Выбрать главу

В сущности, лишь поняв, как Прокофьев играл в шахматы, мы поймём, какой конструкции он искал для собственной музыки.

По свидетельствам многочисленных соперников и по сохранившимся записям партий ясно, что теоретическим знаниям, ведущим к осторожности за доской (а знания у Прокофьева были), он предпочитал рисковый натиск и, порой, неожиданный отход от привычного развития партии. Собственно занятия шахматной теорией Прокофьев прекратил около 1917–1918 годов, когда прервались его связи с петроградским шахматным миром (большая часть арендуемой Шахматным собранием площади была передана под военный лазарет ещё в 1915 году). По свидетельству всех теоретически подкованных соперников композитора, его игра, соответствовавшая первому разряду, носила определённо романтический характер. В 1910—1920-е годы такой стиль обеспечивал частые победы, однако со второй половины 1930-х, с увеличением тщательно просчитанных вариантов игры хорошие знания стали брать в среде шахматистов верх над воображением.
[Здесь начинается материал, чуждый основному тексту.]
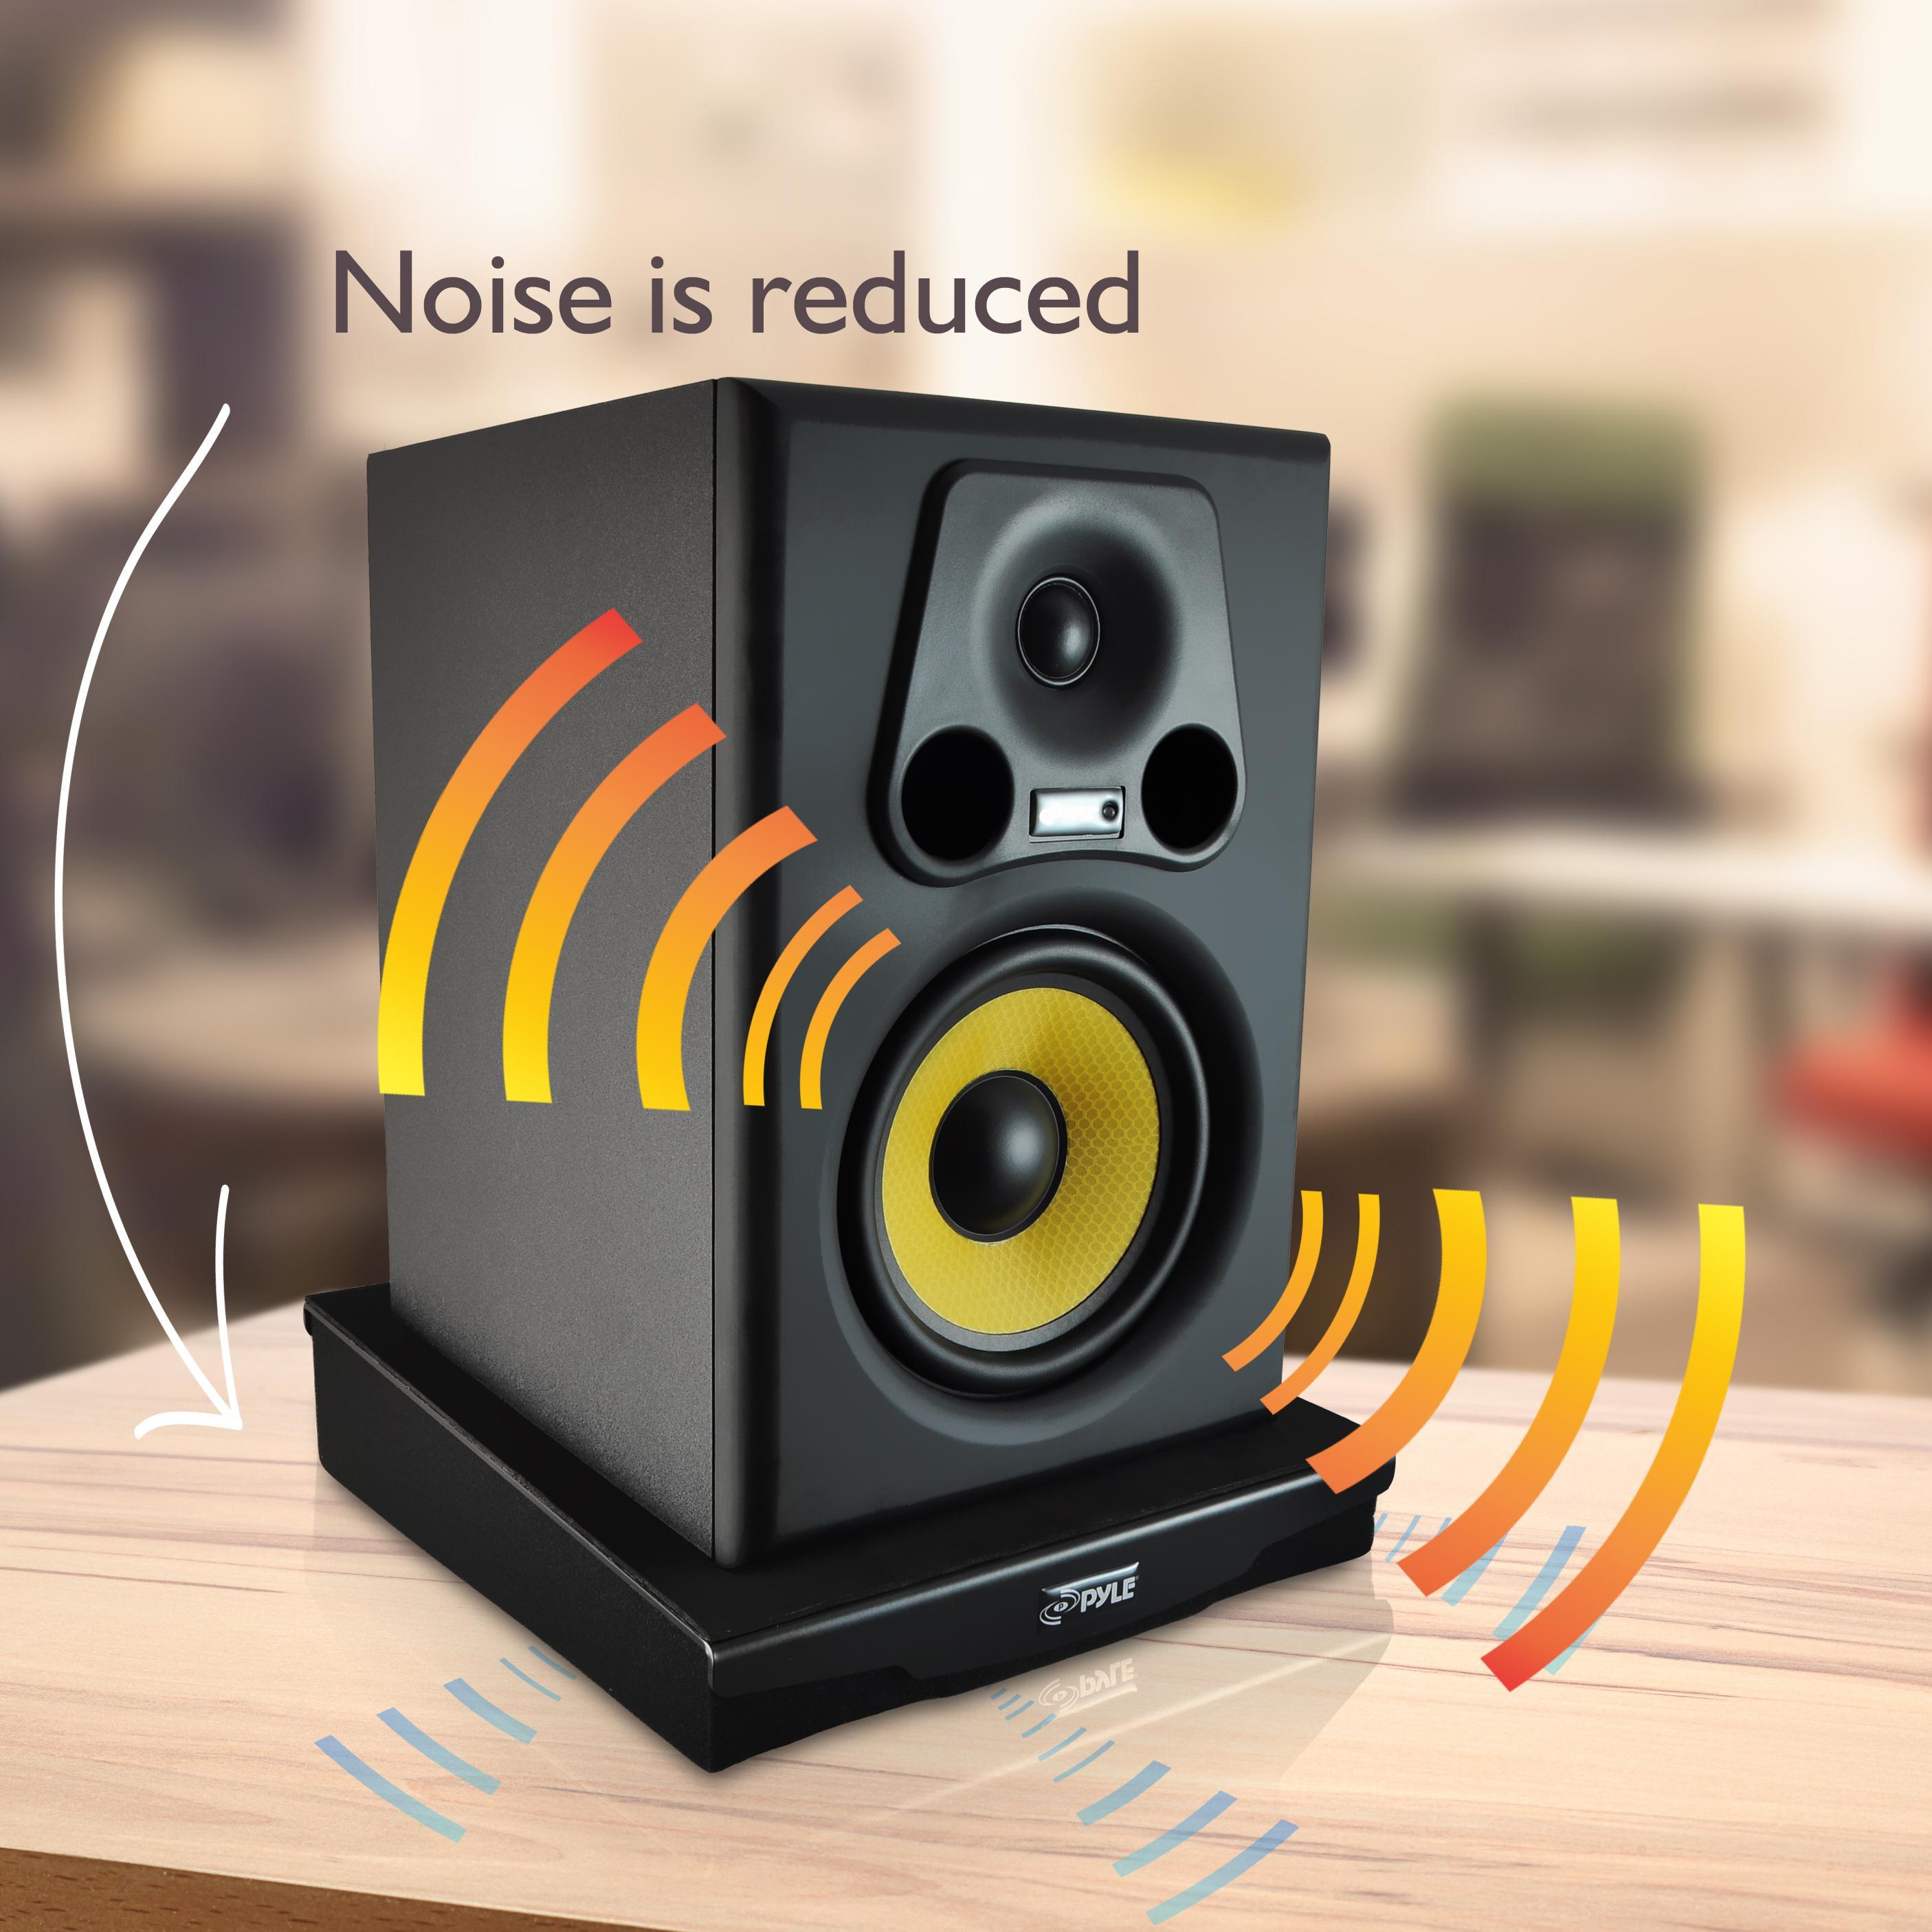 Amazon.com: Pyle PSi06 Acoustic Subwoofer Monitors Sound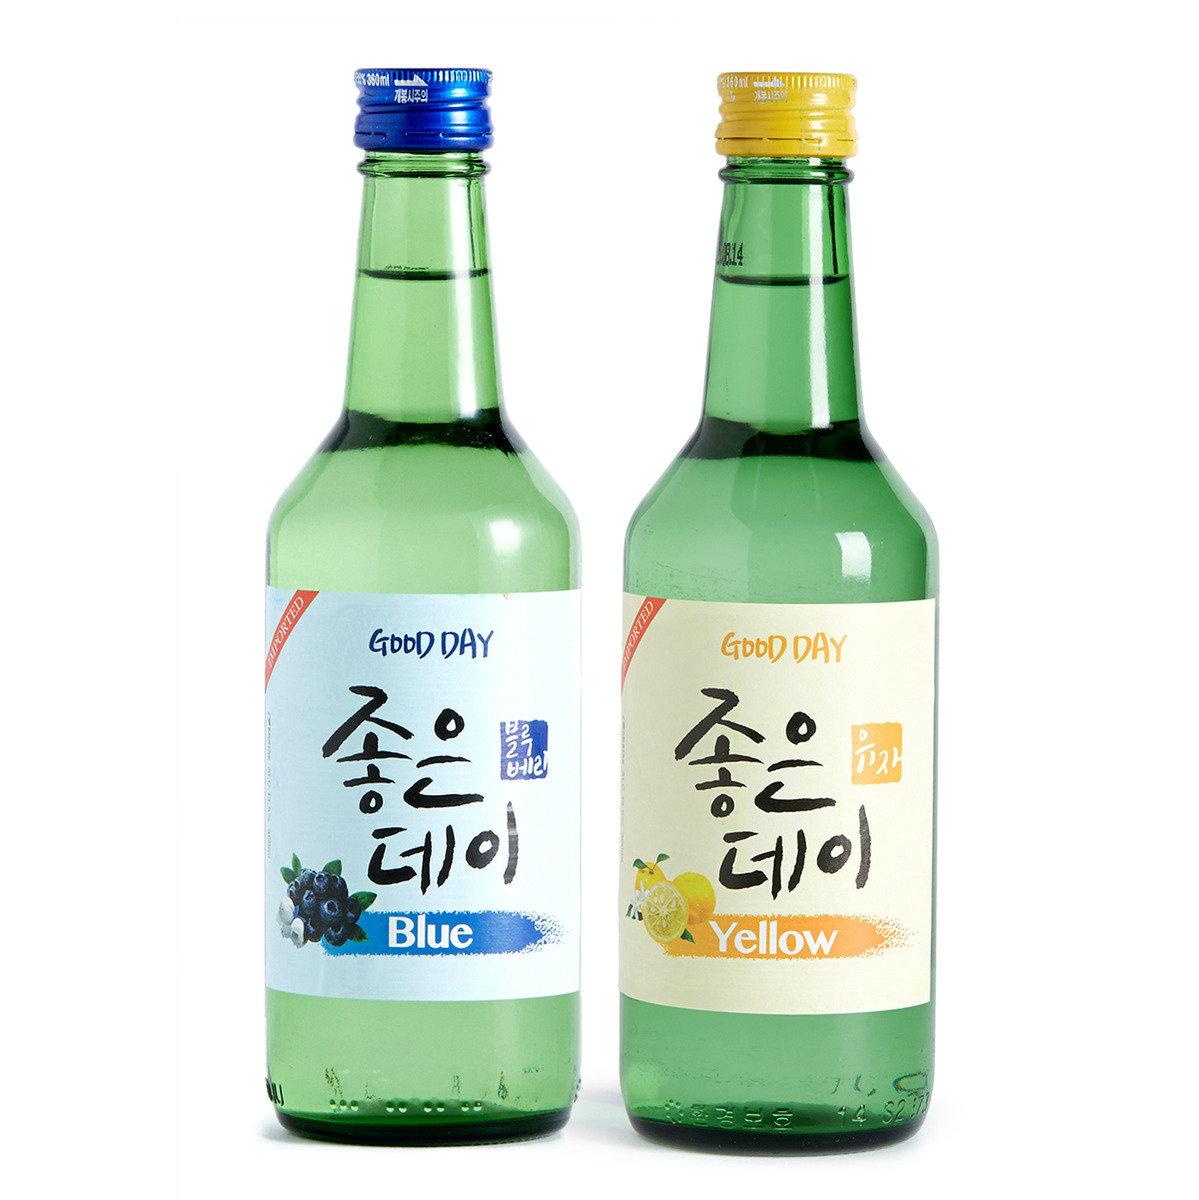 果汁酒套裝(柚子+藍梅)

Прокофьев, игравший в целом очень хорошо, стал чаще проигрывать, пока в 1944 году в матче с молодым тогда композитором Николаем Пейко не закончил поединка с унизительным для себя счётом 1:4. Мясковский после разговора с Прокофьевым передал Пейко, что Прокофьев жаловался ему на младшего соперника, всё время ловившего его «на книжные варианты». Однако к середине 1940-х в шахматах внеличное знание стало вытеснять индивидуальное вдохновение, и прежний тип шахматиста становился всё менее конкурентоспособным.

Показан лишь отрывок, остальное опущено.